The plot is simple enough: An eight-year-old boy, Mason, is shown growing up with his older sister, Samantha, and his struggling single mother as they move from place to place throughout Texas. Mason battles issues with relationships, sibling rivalry, bickering parents, high school and almost all other clichés of a boy growing up in contemporary American society. However, this isn’t to say that “Boyhood” is a cliché. In fact, it is the exact opposite. The reason this movie is so special is that we as an audience are looking at ourselves and become completely haunted by what we see. It is as if we’re looking back at our own childhoods through the story of Mason and comparing it constantly to our own life decisions.

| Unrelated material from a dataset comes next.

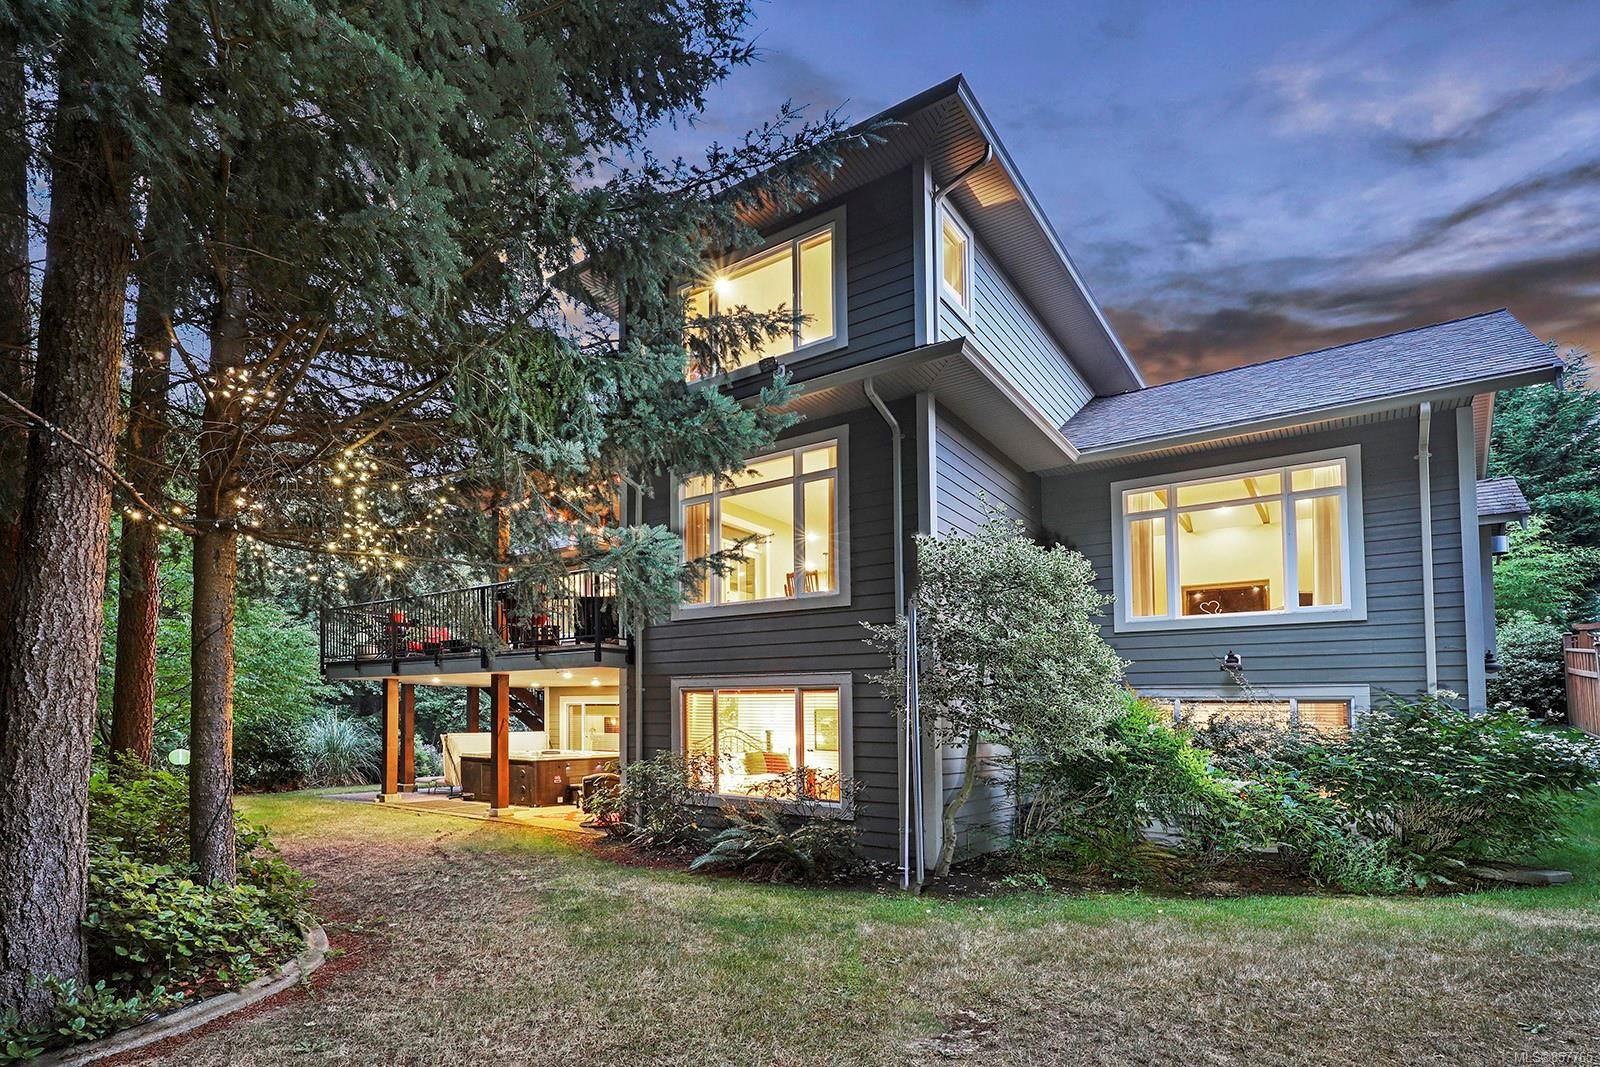 Photo 43: Photos: 1516 Highridge Dr in : CV Comox (Town of) House for sale (Comox Valley)  : MLS®# 857765

The true beauty of “Boyhood” comes from the incredible performances. The performance by Patricia Arquette is definitely one of the better in all of cinema. The role of the single mother struggling to make a happy and healthy home for herself and her children has been done before, but Arquette has created a character that is so real that at times we wonder if she is really acting. To add to the realistic quality of this picture, I couldn’t help but notice that it seemed like almost none of the actors were wearing makeup. Yes, this is a small detail, but a crucial one at that. This is a movie showing real people and what real people truly look like.




Coltrane is a strong actor in his debut film. (AP Photo)

All in all, “Boyhood” is truly unlike anything I have ever seen before on film, yet it is something that almost all of us have seen in real life. Linklater’s modern tale of an ordinary family makes an unordinary sort of picture in which the actors seem to be playing themselves, and the audience is seeing themselves on the big screen for the first time without the boundaries of Hollywood fakeness. If you want to see a memorable film, “Boyhood” is a masterpiece and surely bound to be Linklater’s next classic.